Year 11 geography students at Westlake Boys High School on Auckland’s North Shore are studying the Kaipara Harbour and how human activity can affect it.

To help the students gain a better appreciation of the extent of the harbour and the activities taking place in the area, the head of the geography department, Andy Jones, organized a field trip to the Kaipara for the students.

The class was broken into three groups and each group visited three venues–the jetty where the Hoteo River flows into the Kaipara, Muriwai Valley Farm, a sustainable farm operated by Bev Trowbridge and her husband, and CUE Haven.

For each group, we did a short program on the history of our restoration project, what we hoped to accomplish and the impacts our work was having on the Kaipara Harbour.

The first group of forty-nine students was accompanied by teachers Amy Bennett, John Foden and Susan Newby.
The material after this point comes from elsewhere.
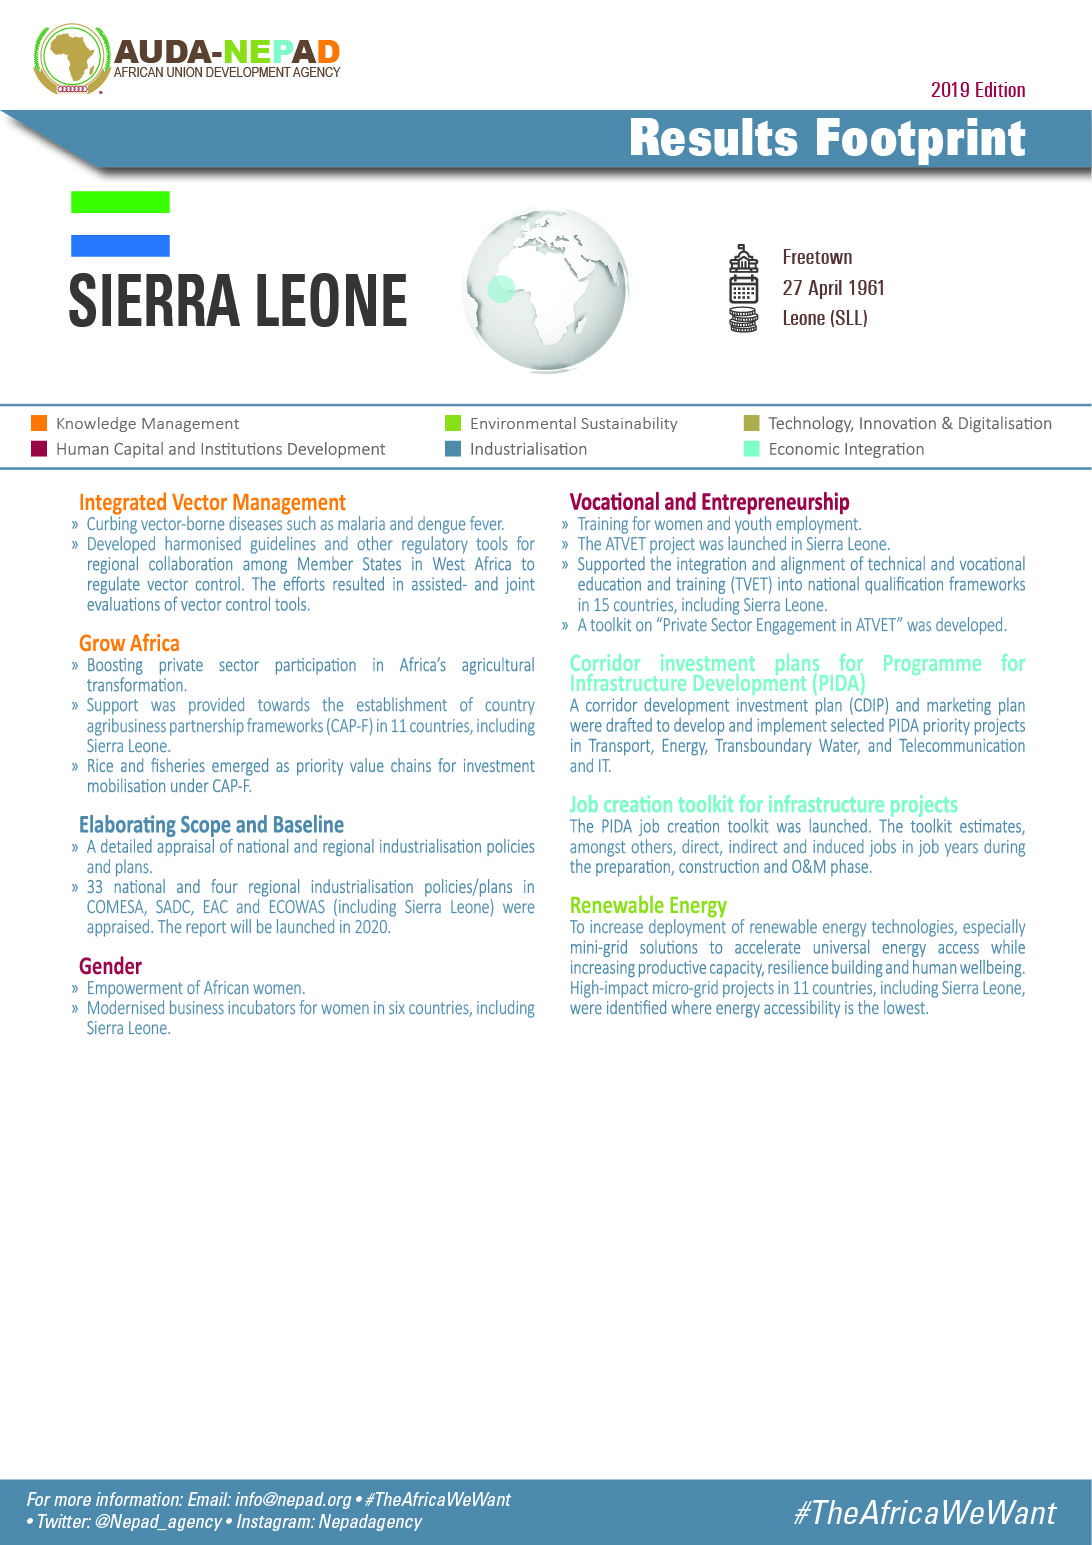 2019 AUDA-NEPAD Footprint: Country Profiles: Sierra Leone

For the past two years Amy has brought some of the Year 10 students to CUE Haven to help build walking tracks and it was great to see some familiar faces.
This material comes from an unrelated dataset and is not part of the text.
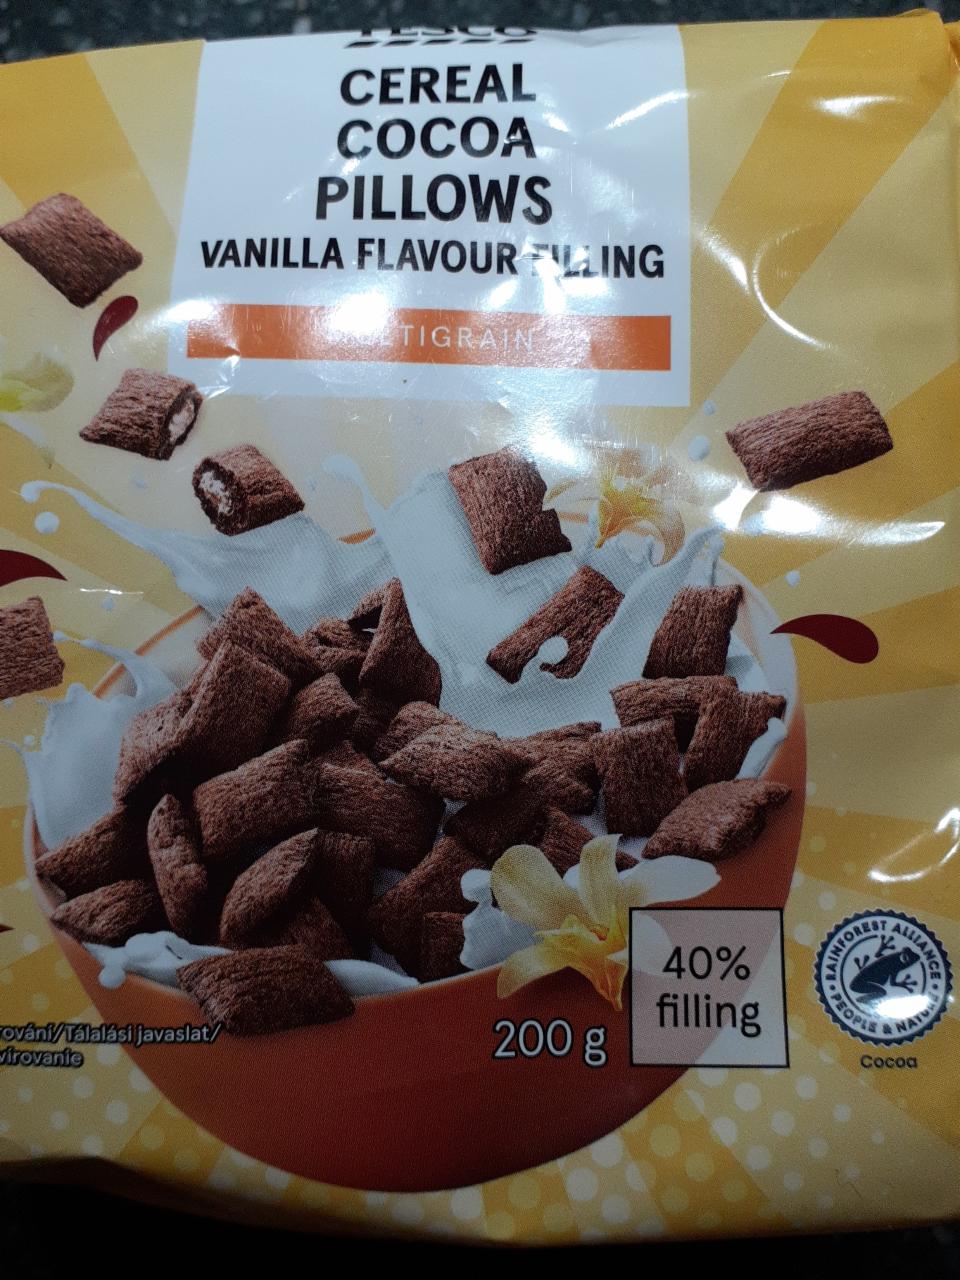 Fotografie - Cereal Cocoa Pillows Vanilla flavour filling Tesco

The second group of fifty students was led by teachers Andrew Clarke and Michael Tillett.

And the third group of thirty-seven was led by teachers Andy Jones and Jordan Stanley.

We started each session with some background information on CUE Haven and then talked about how the planting had affected water quality, erosion and land stability.

Thomas then took the students for a short walk in the bush to show them specific examples of how the restoration project had affected the land and how it was affecting our waterways and, ultimately the Kaipara Harbour.

The students saw some of the oldest and newest plantings and were able to compare them to the neighbours’ paddocks.

We visited the area where we had a land slip in 2016 so the students could see the cause and effect of the slip and see how remedial plantings were stabilizing the land.

The students also visited an old puriri tree which has recovered from years of possum browsing to see how the health of the tree was having a positive impact on other plants and animals.

We finished off with a walk through the wetlands so the students could see how planting improved water quality and reduced runoff and sediment.

It was a short visit but the students had a chance to see several different aspects of the property and asked a lot of good questions.

We have always hoped that CUE Haven will become an environmental education resource for the community and we are very happy to have schools like Westlake Boys use the space for learning.

We really enjoyed hosting the Westlake Boys students and sharing information about our project and its effects on the Kaipara Harbour.

Andy, thank you very much for arranging the sessions and for managing the day with military precision so that everyone was where they needed to be on time.  And a big thank you to the teachers for their valuable assistance.

We also want to thank the students for their time and attention.  We wish you all the best with your assignment and further studies and hope you will come back to CUE Haven to see more of the property.